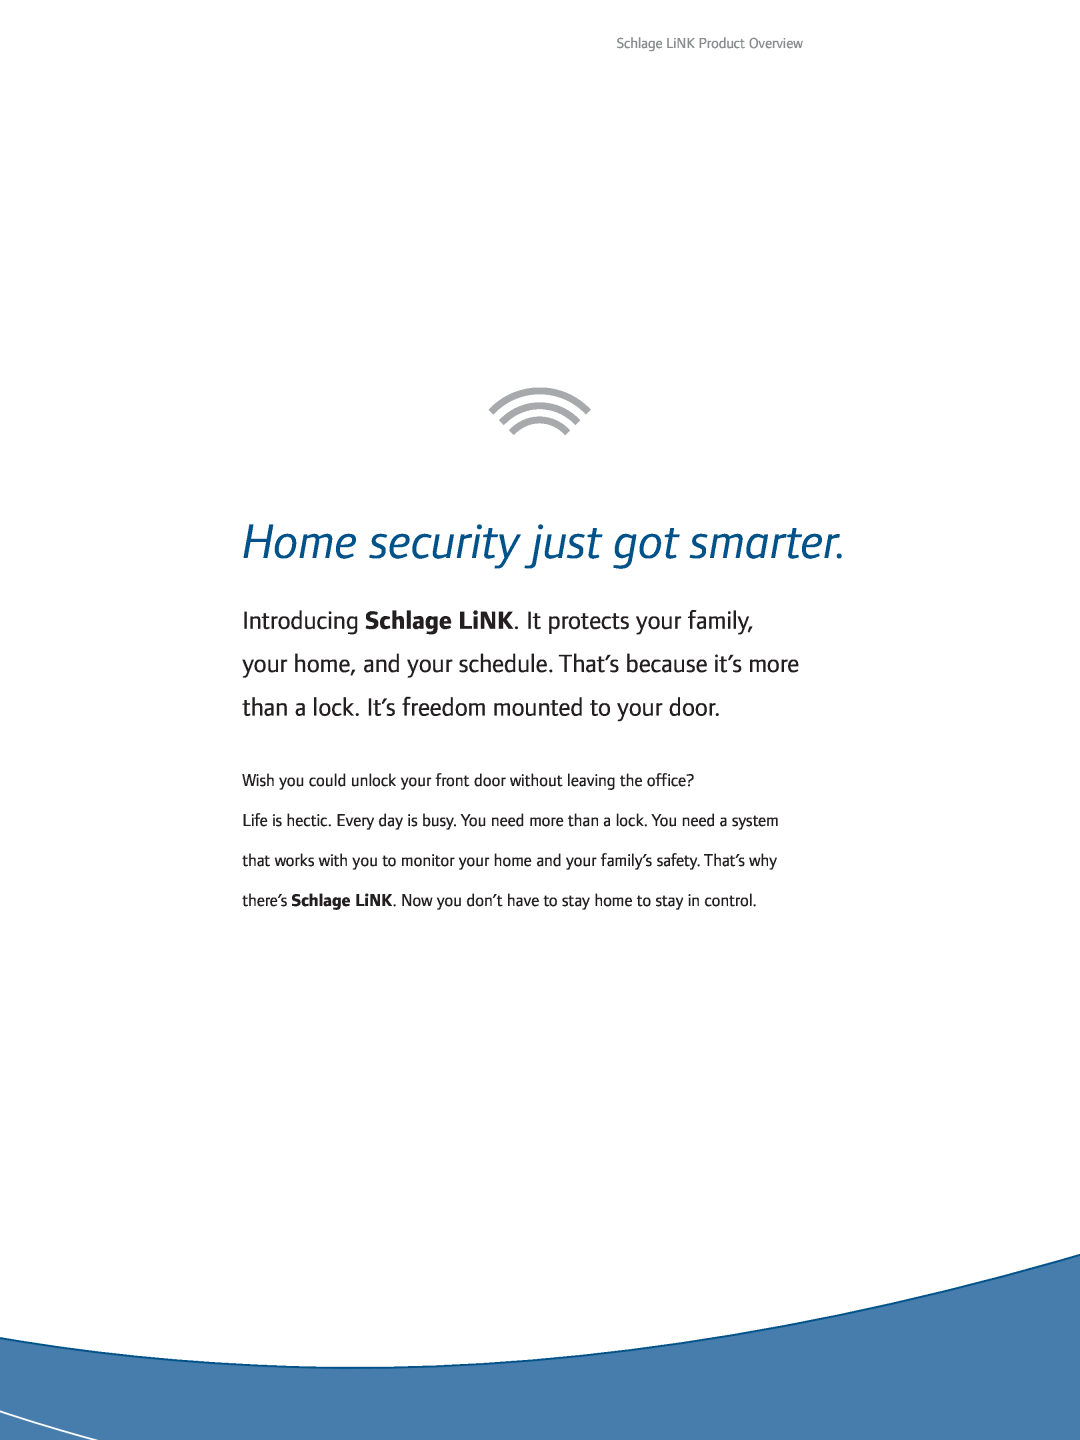 Ingersoll-Rand 1-877-288-7707 manual Home security just got smarter, Schlage LiNK Product Overview 
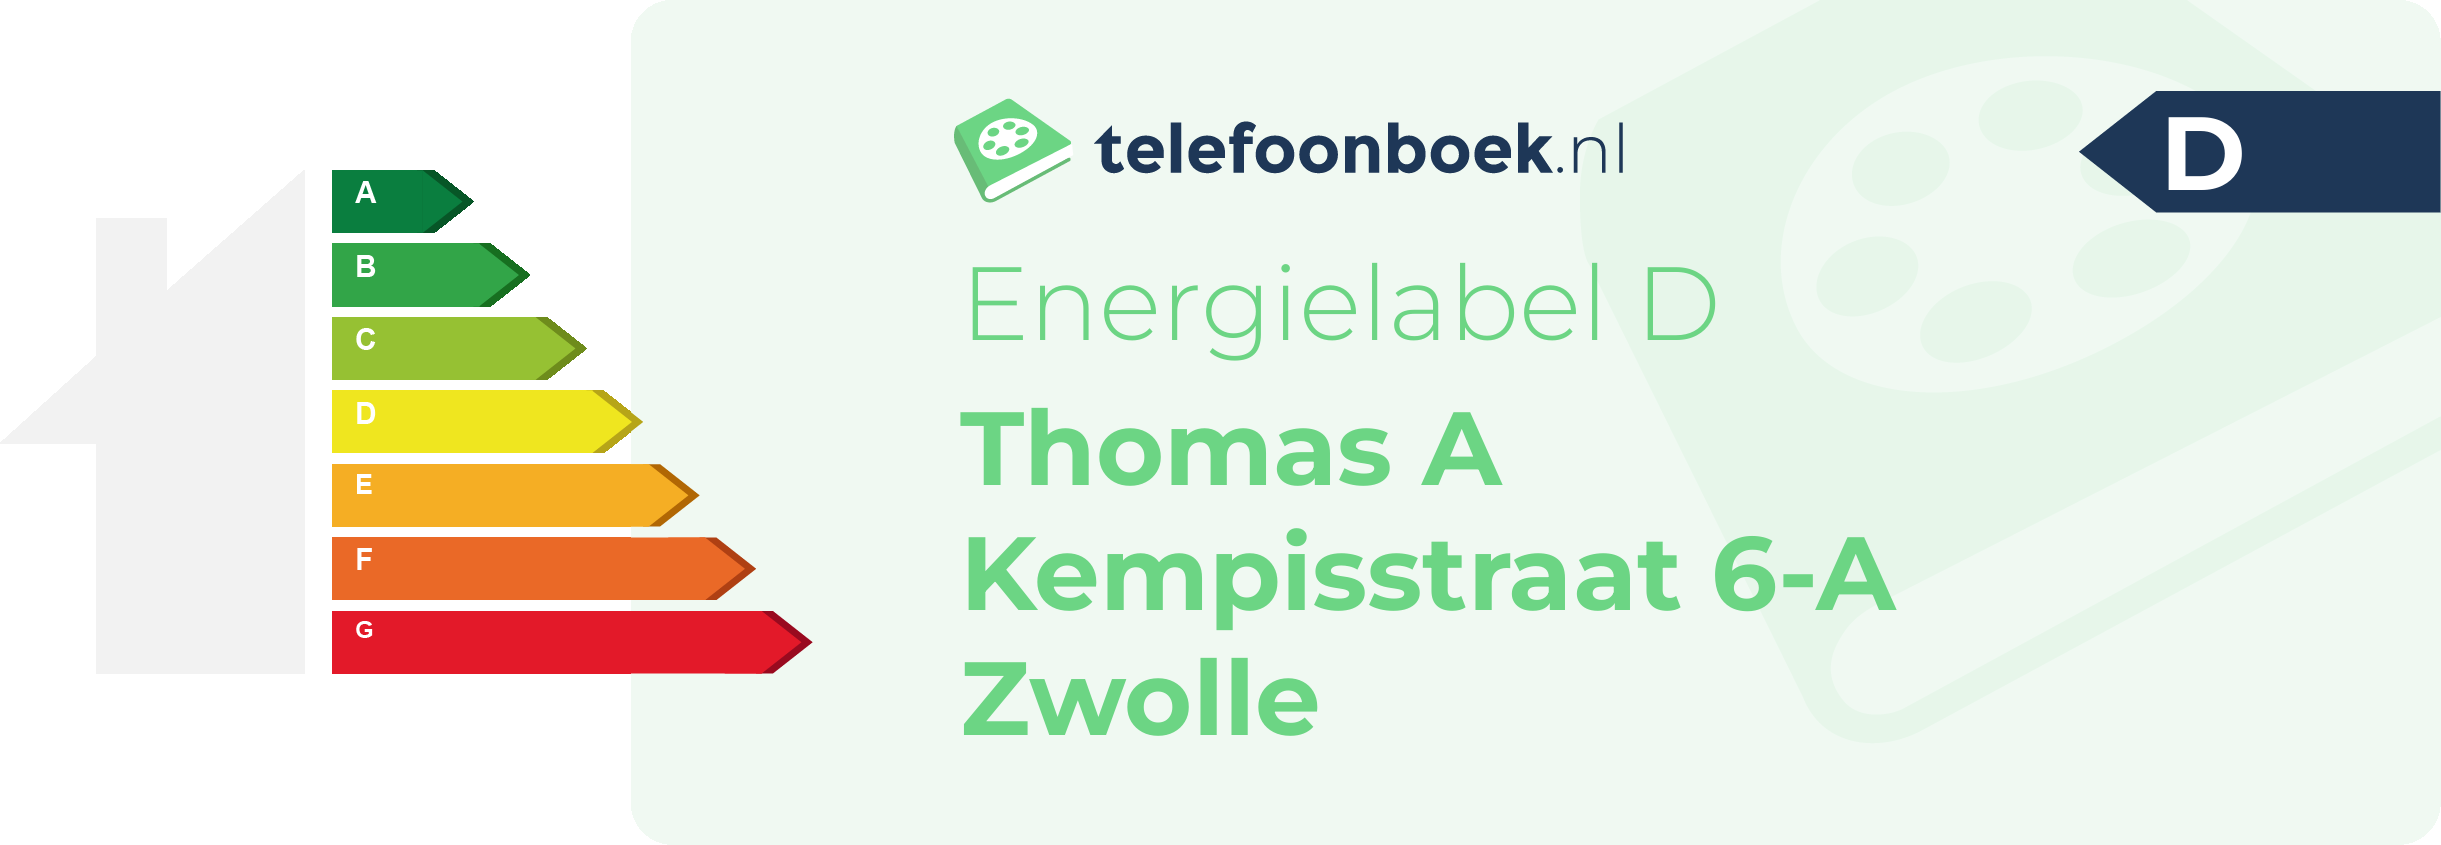 Energielabel Thomas A Kempisstraat 6-A Zwolle
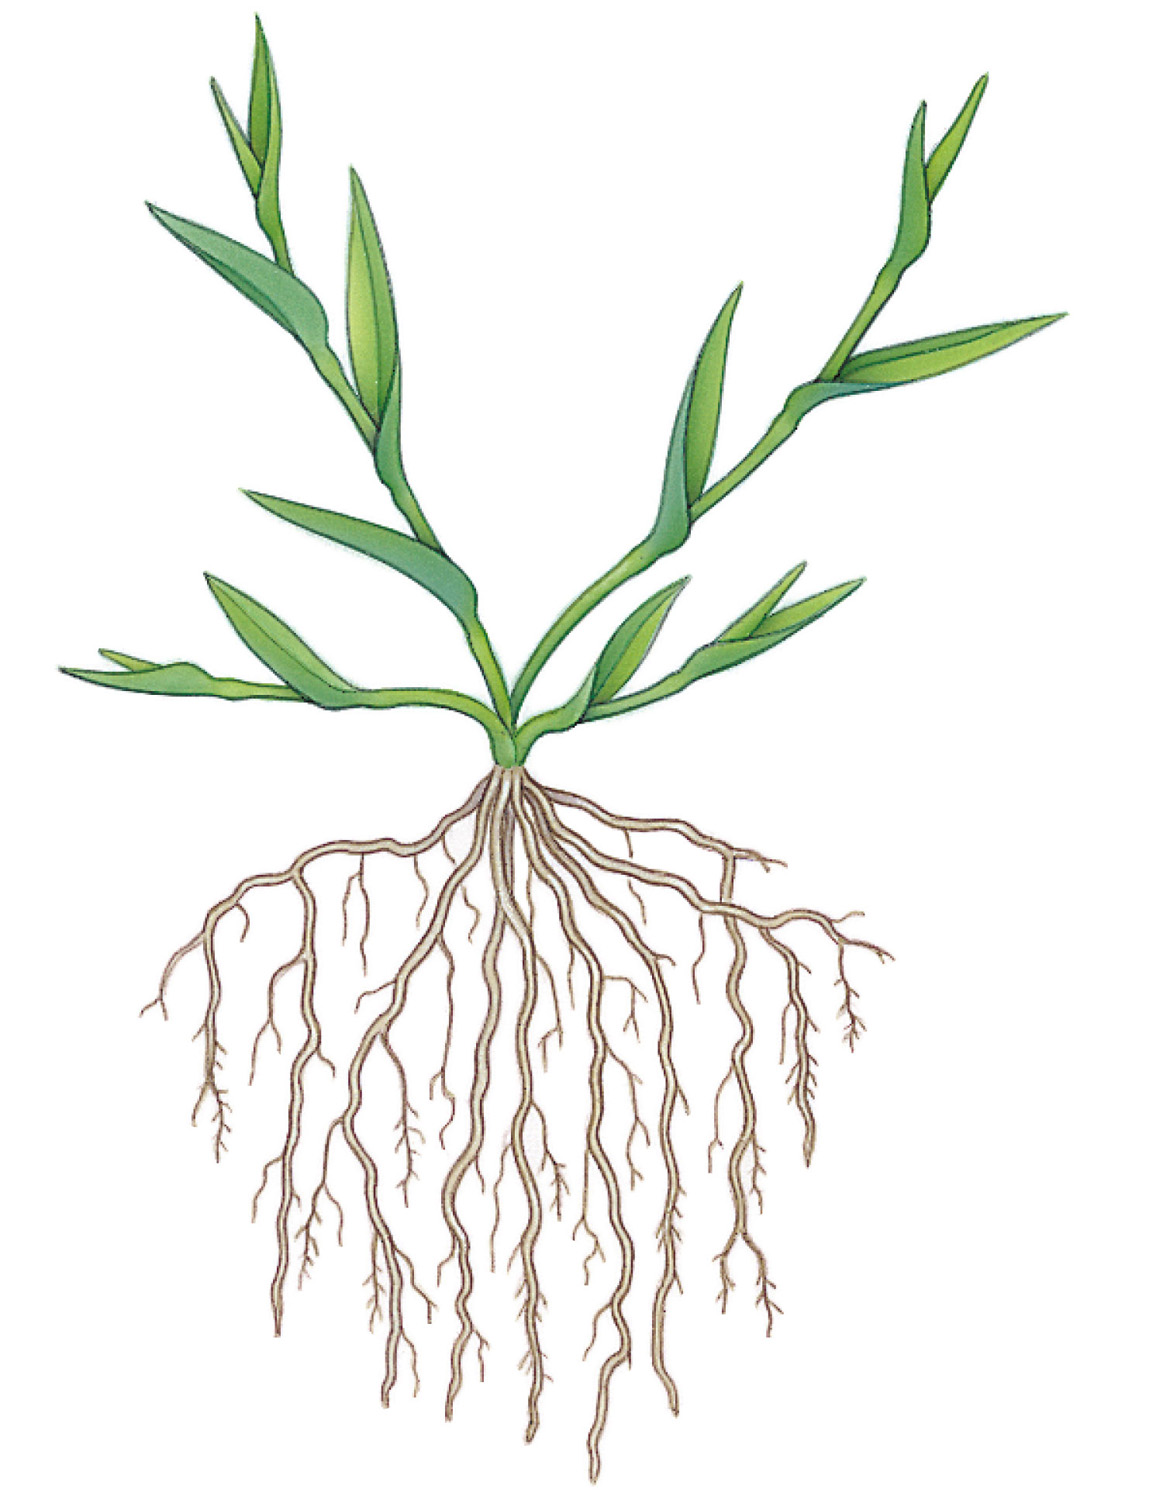 A fibrous root system has similar-sized adventitious roots that branch from the stem
=====
== Exercise directions ==
Give the lines from the one containing "Energielabel Thomas A" through the final line of the material again, exactly and in full, but without pictures.

== Response to this exercise ==
 Energielabel Thomas A Kempisstraat 6-A Zwolle
 A fibrous root system has similar-sized adventitious roots that branch from the stem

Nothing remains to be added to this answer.